Dedicated to Bobby Jameson, released in September 2017, marked Pink's first solo LP on Mexican Summer. In deliberate contrast to Pom Pom, it was recorded with a relatively small group of people at his home. The album was released to a number 193 chart peak amid generally favorable reviews. In promotional interviews, Pink indicated that his desire for attention and willingness to release albums has declined, and instead talked mostly about the musician Bobby Jameson.
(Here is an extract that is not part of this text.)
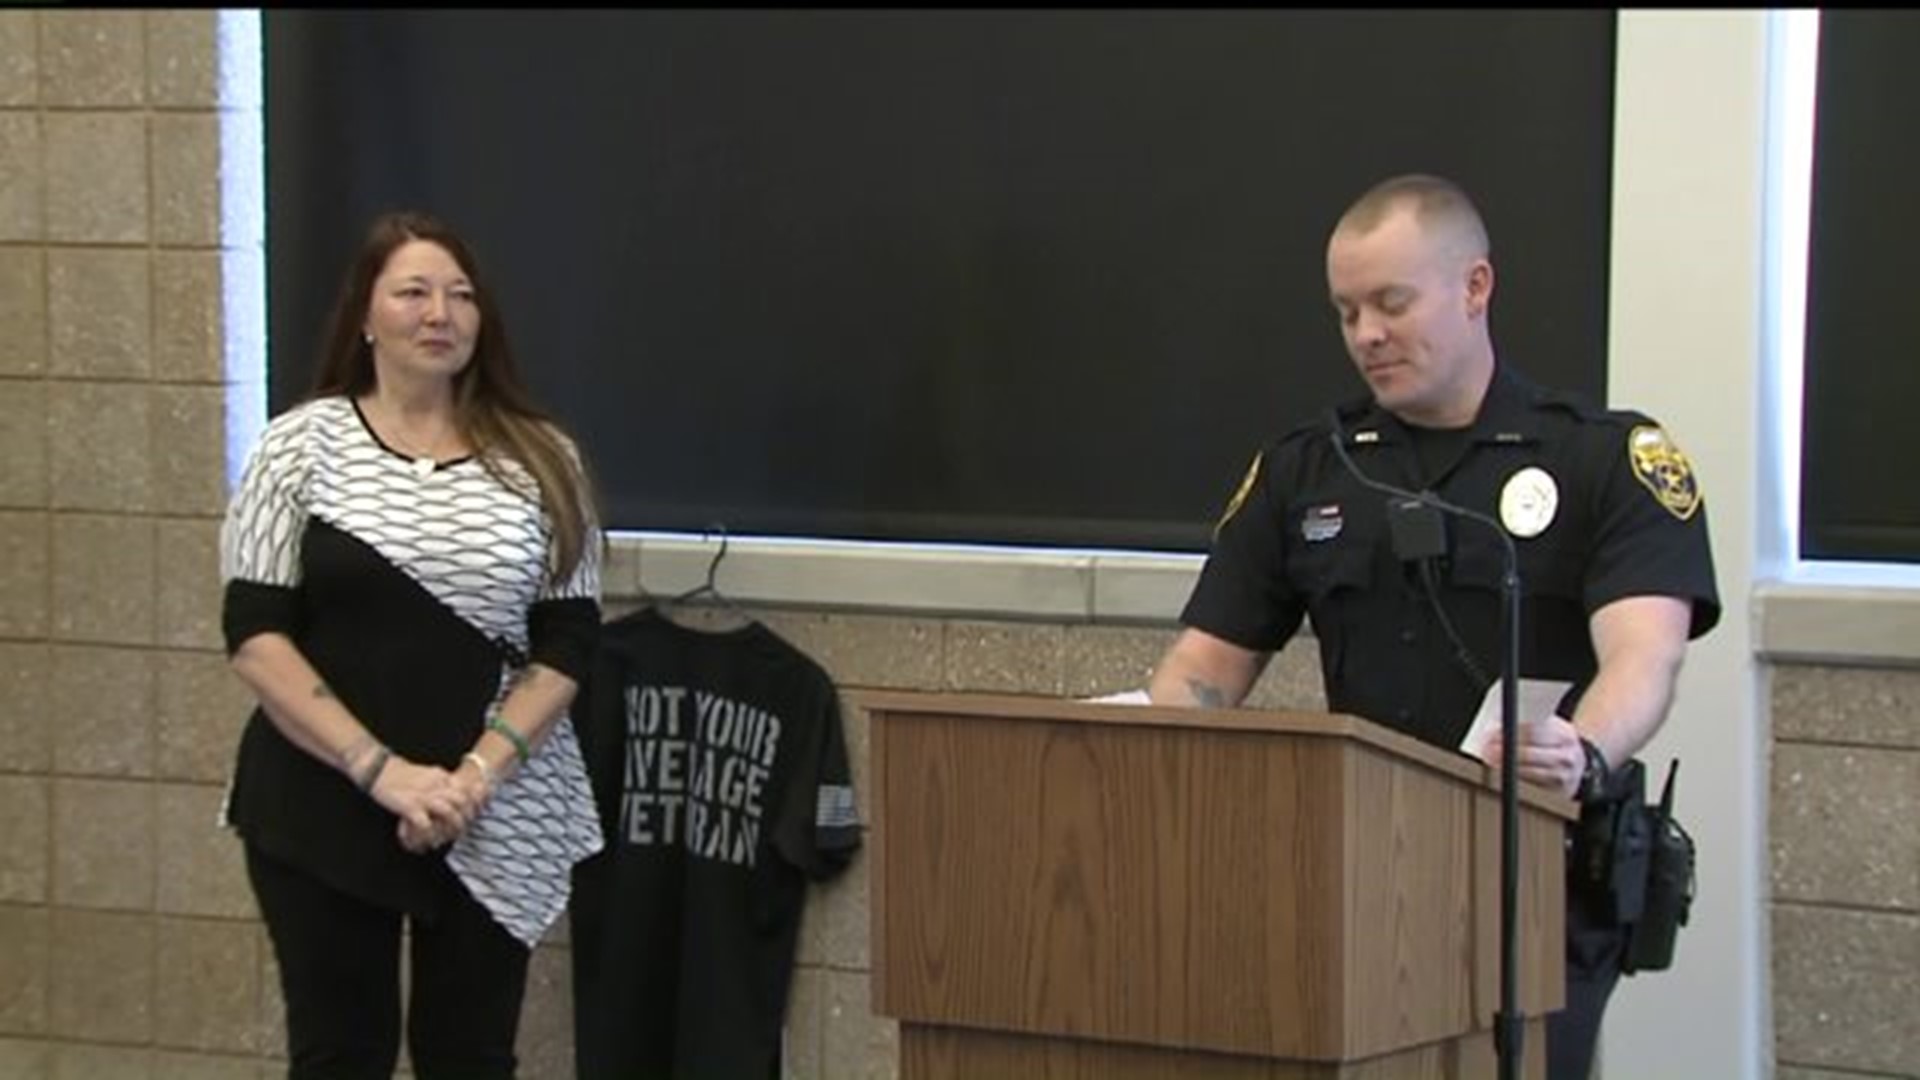 Moline police officer honored for service
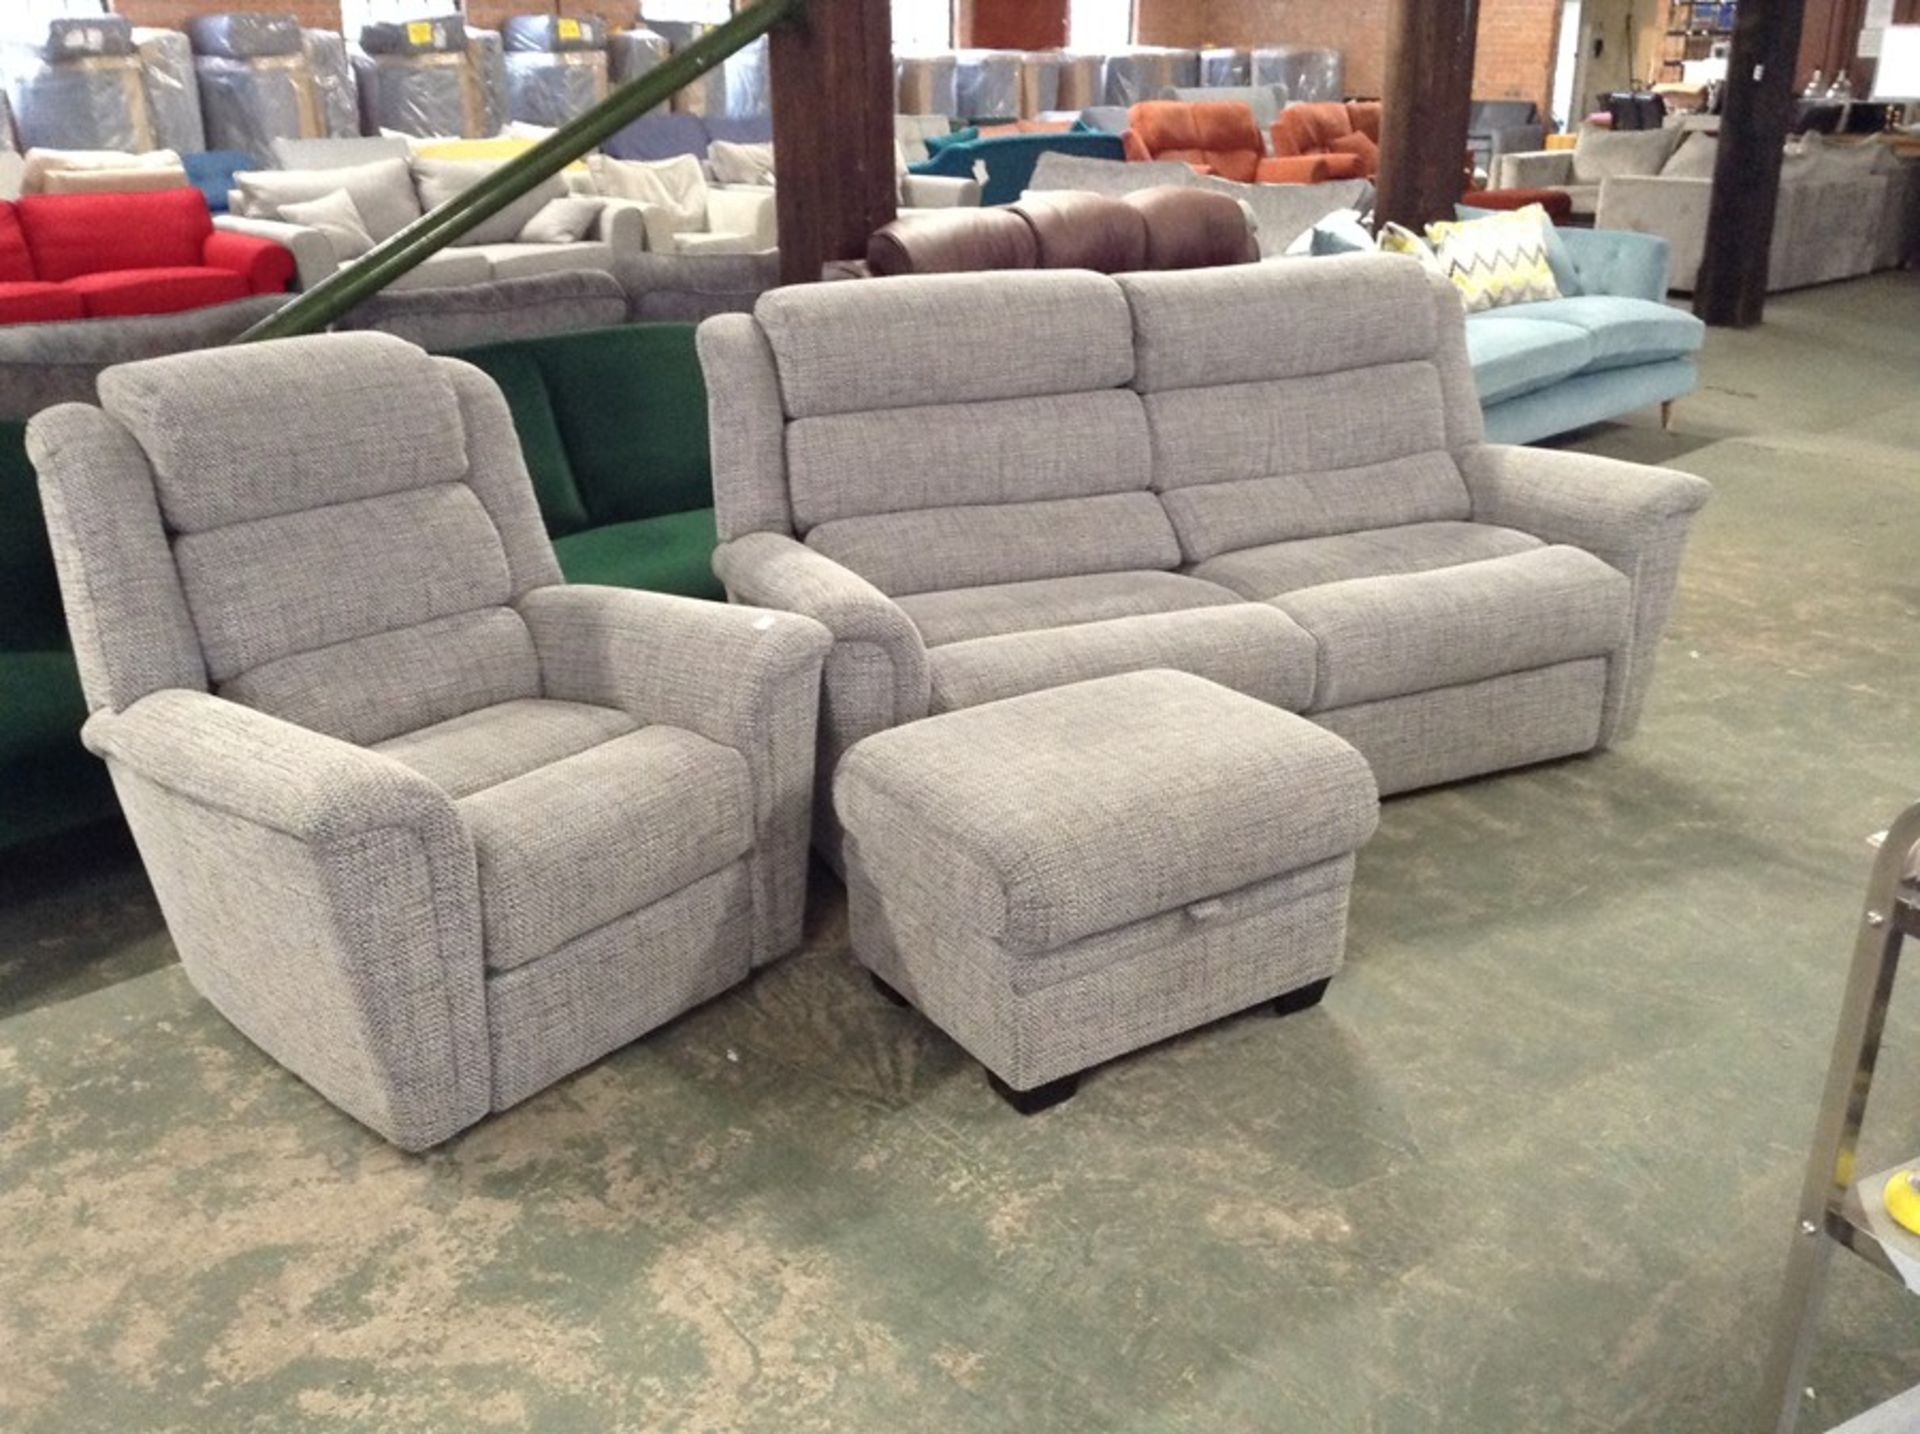 GREY PATTERNED HIGH BACK 3 SEATER SOFA CHAIR AND F

In November 2018, he performed among artists celebrating the tenth anniversary of Mexican Summer, where he announced on stage that he intended it to be his final show with his band.

In 2019, Mexican Summer announced that they would issue remastered and expanded editions of Pink's original Haunted Graffiti albums in addition to compilations of previously unreleased work recorded between 1999 and 2018. These remasters sought to correct various engineering mistakes from the Paw Tracks reissues, such as restoring stereo tracks that had been collapsed to mono.

The label stated that they would release the albums in quarterly installments as part of its "Ariel Archives" campaign, beginning with Odditties Sodomies Vol. 2 and remasters of Underground and Lover Boy in October 2019. The Doldrums, Worn Copy, and House Arrest followed the next April. The final cycle would be released in January 2021, which included reissues of Odditties Sodomies Vol. 1, the double album Scared Famous/FF>>, Odditties Sodomies Vol. 3, a compilation of post-hiatus tracks from the late 2000s Sit n' Spin, and a bonus compilation of unreleased material entitled Archevil.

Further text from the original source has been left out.